Second: Do I have to do anything else beyond activating the plugin? I looked around and didn't find more information.
Burkhard [ # ]
April 16, 2010 05:52PM
Hi Bolero
There's a parameter in /config/global.ini.php.
; number of octets in IP address to mask, in order to anonymize a visitor's IP address
; if the AnonymizeIP plugin is deactivated, this value is ignored
; for IPv4 addresses, valid values are 0..4
; installation default was 1.
ip_address_mask_length = 2
You can check success in the visitor log on the dashboard. The last x bytes of the IP address should then be zero.
April 19, 2010 05:38AM

I'm sorry but i have to agree with the comment that it's kind of of a stupid law because there is no way to prevent a web server from knowing the IP of the visitor; it's how the Internet is functionning. If one would not send it's IP to the server he's trying to visit, he wouldn't received any data back.

But, i'm not completly against the idea behind that law. IP adresses are somewhat of a sensitive information and every country could have a law that render illegal to collect that kind of information and permit only to local autorities to associate an IP to an individual.

But i still wonder how can german people use wikis anonymously ? When using a wiki without an account, the IP is used as username instead.

I also wonder about people that their IP adresse is changing everytime they are accessing the Internet.
And what about when the IP is shared amoung users of a local / home network ?

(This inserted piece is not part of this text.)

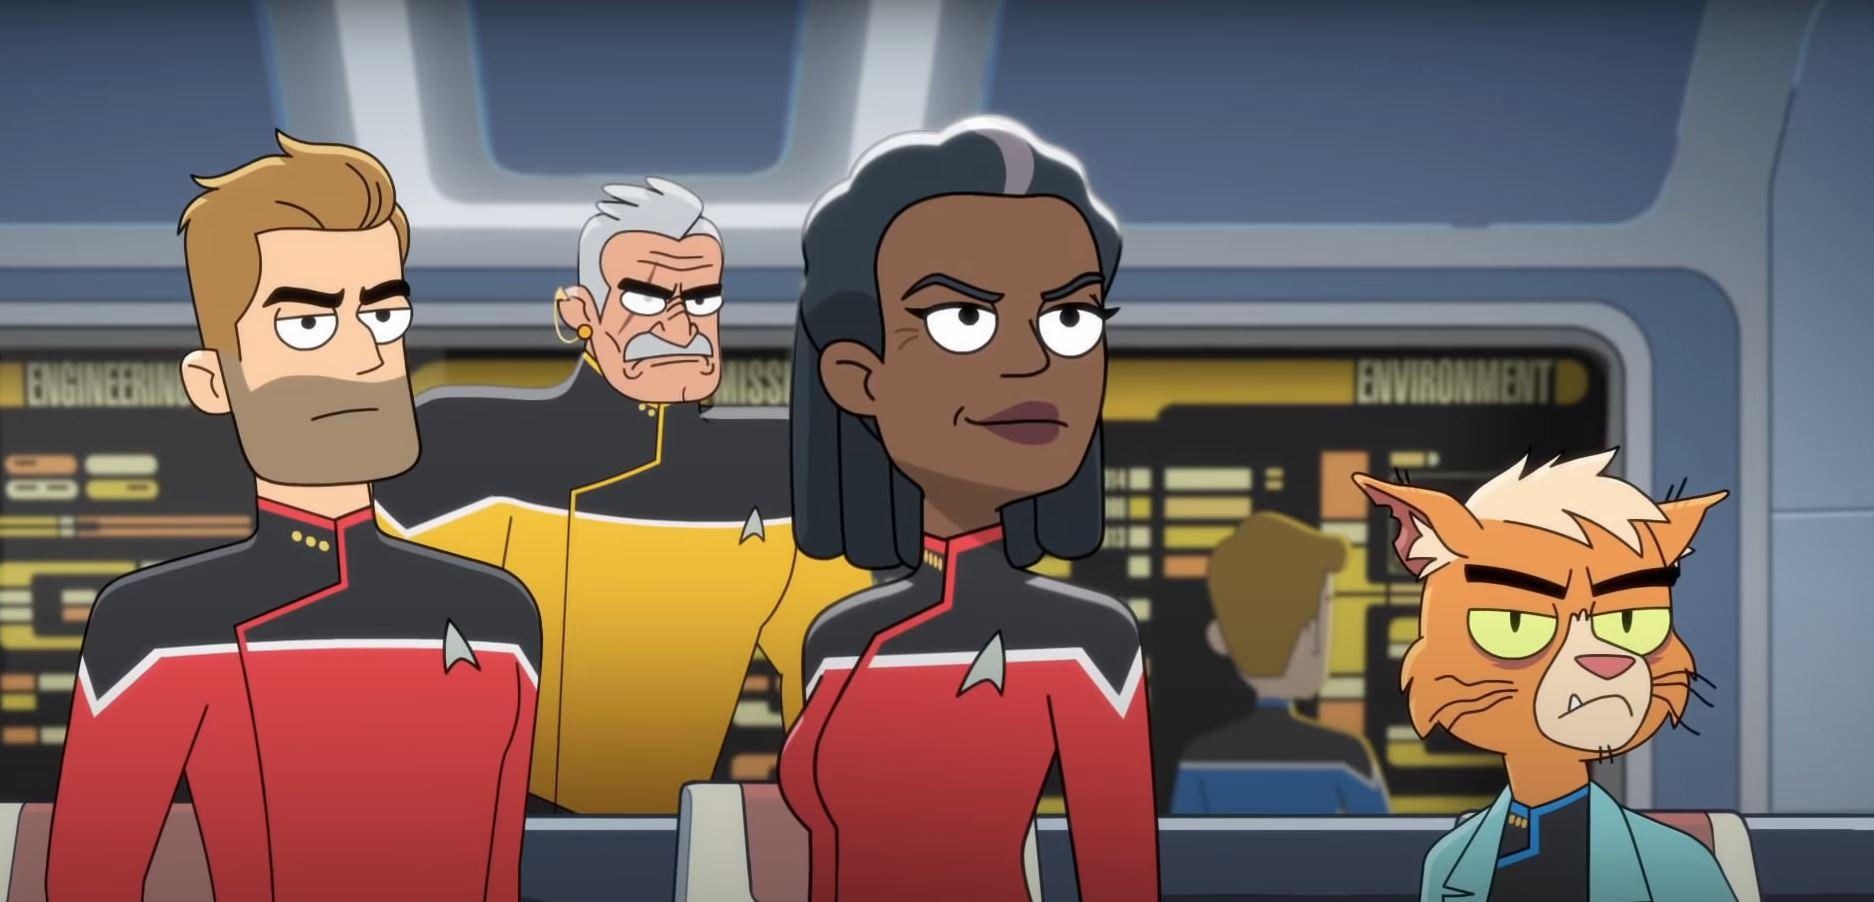 Трейлер комедийного мультсериала Star Trek: Lower Decks

Beside, will Germany have lawsuit with every sites in the world ? Google, Microsoft.com, Yahoo!, Facebook, Twitter, Flickr, YouTube, Apple.com, etc. ; all thoses sites are collecting IP of their visitors. Collecting IP, doing reports on visits is what most web server are preconfigured to do when we acquire a web hosting. Even more, on my web hosting for my domain synaptique.ca, there is other analytic softwares preinstalled that can't be removed. I asked my server admin to remove them for my domain and he said that he wasn't able to.

So, even though Piwik has that functionality, and i think that it's really great that it now as it since that was something that was so frequently asked and it's important to listen to the community when working on open source prokects, i think that there's a still so many webstites that wont comply with the german law that it somehow render the law "non viable" or so. What i mean is that in most situation, if a law can't be enforced, that law need an amendment or something. I dont have any exemple but there is an history of laws (or rules) that has to be removed or changed because people didn't want to comply and / or that law enforcers couldn't make people obey it.

It's even more complicated i suppose in the case of that german law since they can't force people from others country to follow it.

I hope i dont chock anybody, it's not my intentions here.
Bilalx [ # ]
May 05, 2010 11:28PM
I don't understand all the fuss behind all this. IPs are just numbers, you can't get the name or the address of its owner unless you have a court order, at least here in france, and I guess it is the same worldwide.

Besides, if someone want to hide his IP, if it is not as easy as deleting a cookie, it is still not that hard to do.
holch [ # ]
May 06, 2010 05:10AM
Well, the situation isn't 100% clear in Germany either.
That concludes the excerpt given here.